In the film, Sethe explains what it was like to make the trek to freedom: “Looked like I loved [my children] more after we got here,” she says. “Or maybe I knew as long as we were in Kentucky … they really weren’t mine to love.… Sometimes I hear my boys, hear ’em laughing a laugh I ain’t never heard. First I get scared, scared somebody might hear ’em and get mad. Then I remember that if they laugh that hard till it hurt, that be the only hurt they have all day.” She also says, “I’d wake up in the mornin’ and decide for myself what to do with the day,” as if thinking:
Imagine, me decide.

During shooting, I said those lines over and over, feeling the force they carried. In the years since, Sethe’s words have remained with me—I rejoice in them daily. Sometimes they’re my very first thought before I get out of bed. I can wake up in the morning and decide for myself what to do with the day—
Imagine, me decide.
What a gift that is.

What I know for sure is that we all need to cherish that gift—to revel in it rather than take it for granted. After the hundreds of stories I’ve heard of atrocities around the globe, I know that if you’re a woman born in the United States, you’re one of the luckiest women in the world. Take your good fortune and lift your life to its highest calling. Understand that the right to choose your own path is a sacred privilege. Use it. Dwell in possibility.

 

 

I’ve always been
a homebody. I know that might be hard to believe, given my full schedule, but I usually head home right after work, finish dinner before 7:00, and climb into bed by 9:30. Even on weekends, home is my all-time favorite hangout. Since I’ve spent most of my adult life in the public eye, it’s important for me to carve out a private space. A refuge. A safe house.

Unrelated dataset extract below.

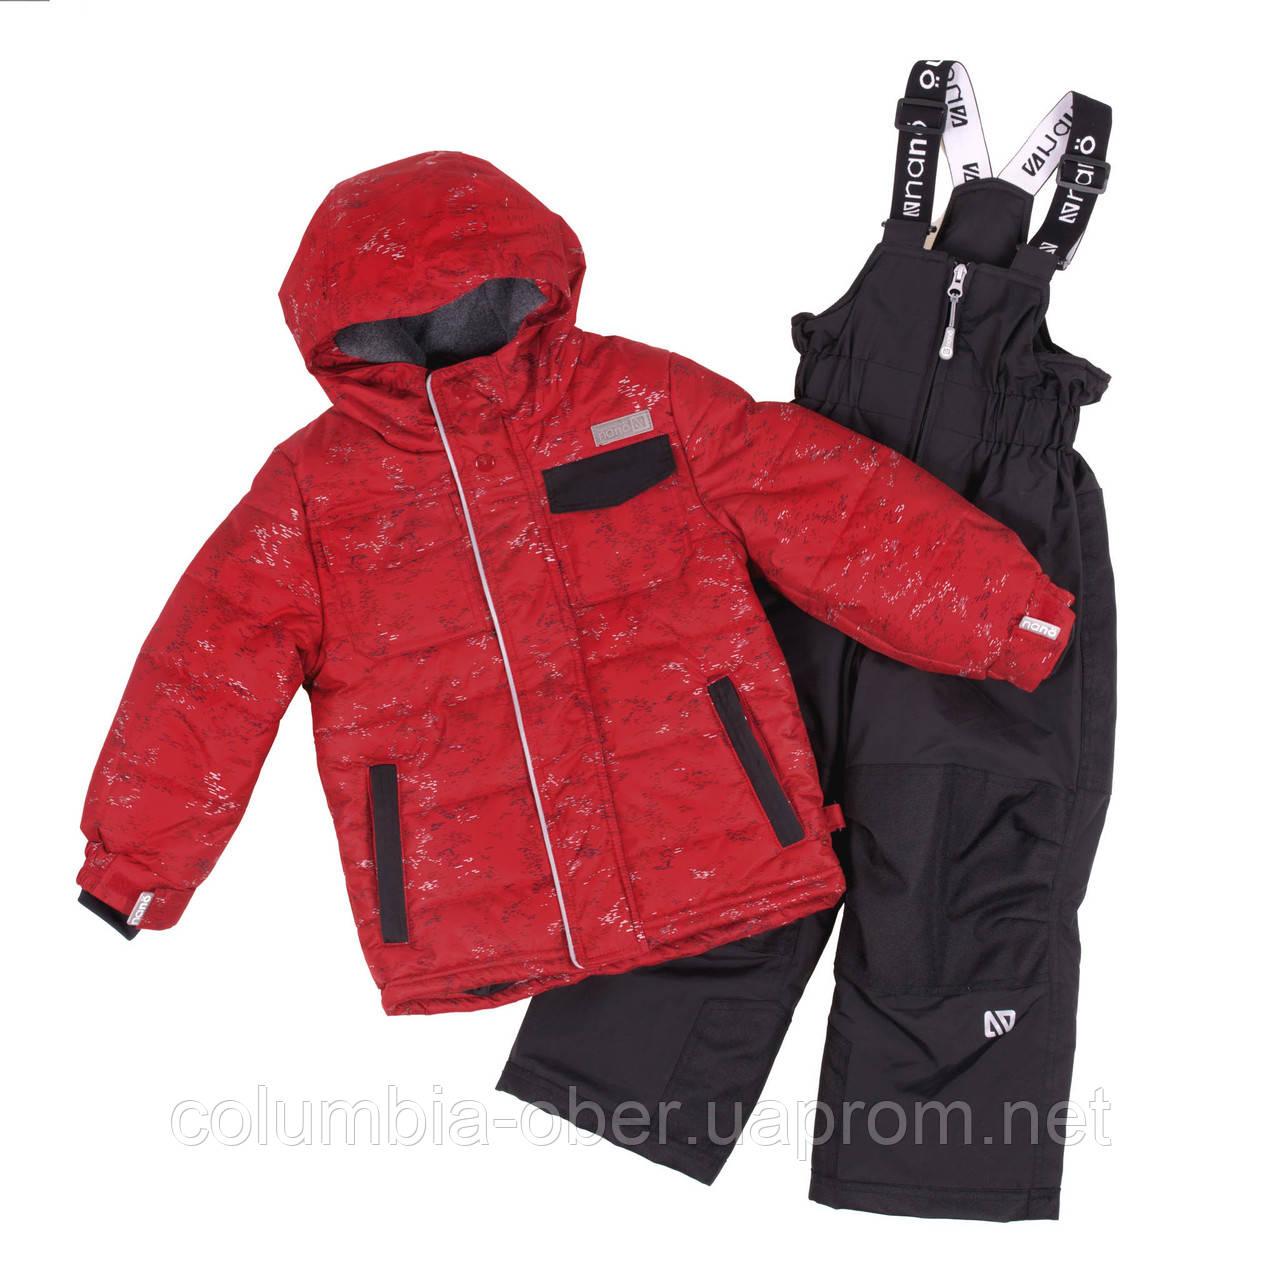 Зимний комплект для мальчика NANO F18 M 255 Really red. Размеры 2-12.

Years ago, Goldie Hawn told me she’d created her own safe haven by declaring her home a gossip-free zone. As part of her work for Words Can Heal, a national campaign to eliminate verbal violence, she and her family pledged to replace words that belittle and do damage with those that encourage and rebuild. Her choice to use language that uplifts is in line with a truth Maya Angelou once passed on to me: “I’m convinced that the negative has power—and if you allow it to perch in your house, in your mind, in your life, it can take you over,” she said. “Those negative words climb into the woodwork, into the furniture, and the next thing you know, they’re on your skin. A negative statement is poison.”